The following problem is from both the 2013 AMC 12B #3 and 2013 AMC 10B #4, so both problems redirect to this page.

## Problem

When counting from $3$ to $201$, $53$ is the $51^{st}$ number counted. When counting backwards from $201$ to $3$, $53$ is the $n^{th}$ number counted. What is $n$?

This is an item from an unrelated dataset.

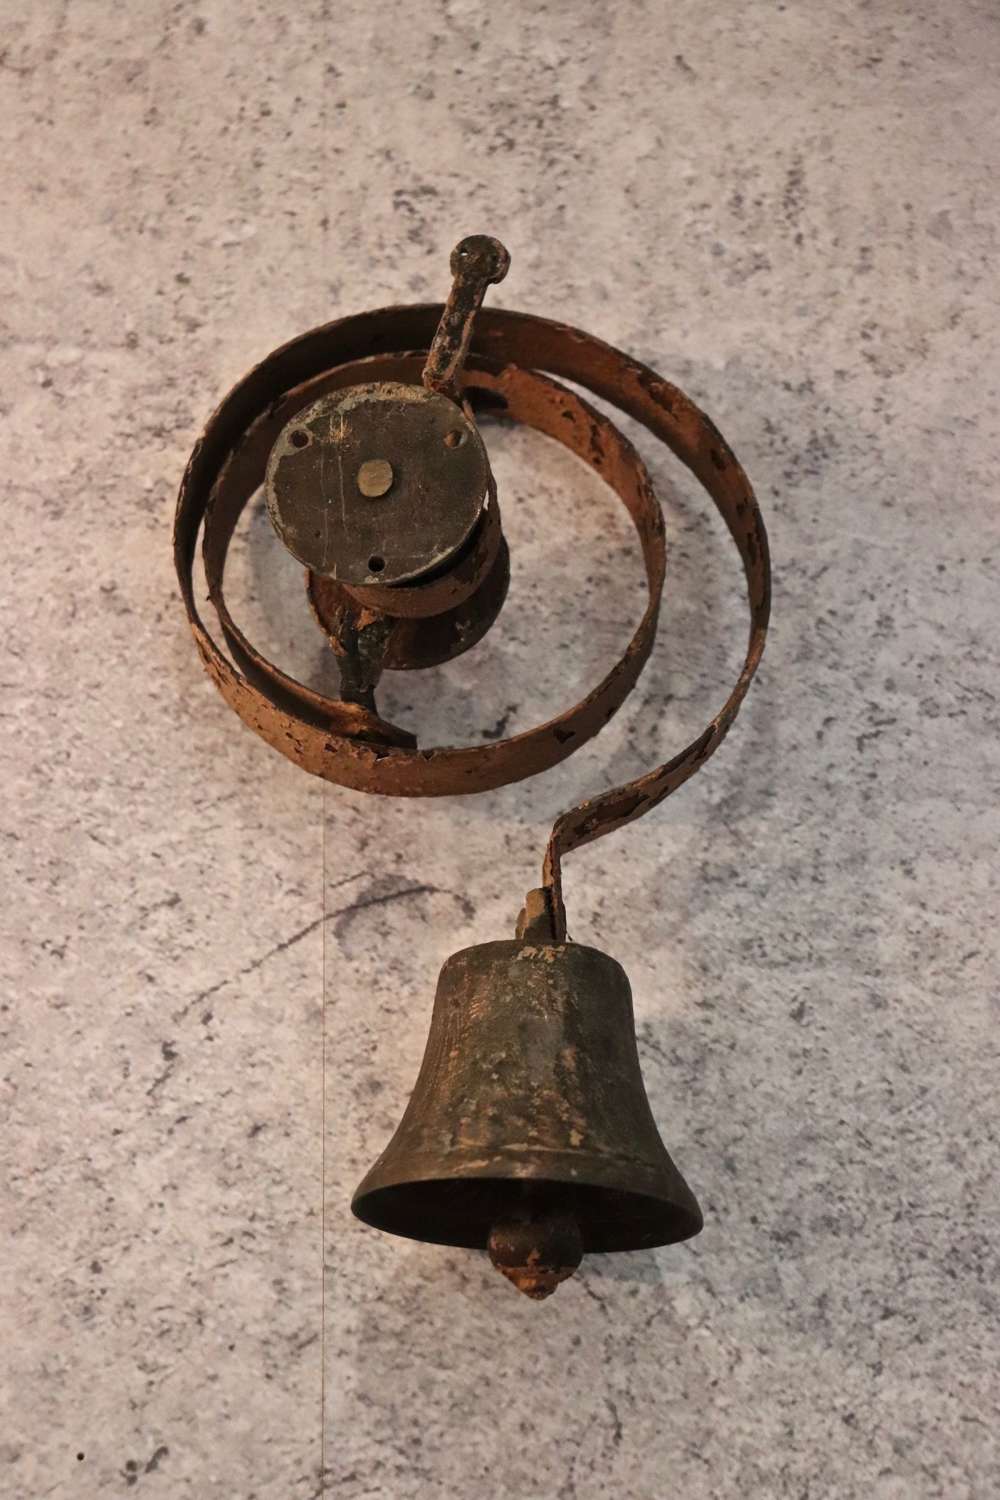 Victorian servants' bell

$\textbf{(A)}\ 146 \qquad \textbf{(B)}\ 147 \qquad \textbf{(C)}\ 148 \qquad \textbf{(D)}\ 149 \qquad \textbf{(E)}\ 150$

## Solution

Note that $n$ is equal to the number of integers between $53$ and $201$, inclusive. Thus, $n=201-53+1=\boxed{\textbf{(D)}\ 149}$

## See also

 2013 AMC 10B (Problems • Answer Key • Resources) Preceded byProblem 3 Followed byProblem 5 1 • 2 • 3 • 4 • 5 • 6 • 7 • 8 • 9 • 10 • 11 • 12 • 13 • 14 • 15 • 16 • 17 • 18 • 19 • 20 • 21 • 22 • 23 • 24 • 25 All AMC 10 Problems and Solutions
 2013 AMC 12B (Problems • Answer Key • Resources) Preceded byProblem 2 Followed byProblem 4 1 • 2 • 3 • 4 • 5 • 6 • 7 • 8 • 9 • 10 • 11 • 12 • 13 • 14 • 15 • 16 • 17 • 18 • 19 • 20 • 21 • 22 • 23 • 24 • 25 All AMC 12 Problems and Solutions

The problems on this page are copyrighted by the Mathematical Association of America's American Mathematics Competitions.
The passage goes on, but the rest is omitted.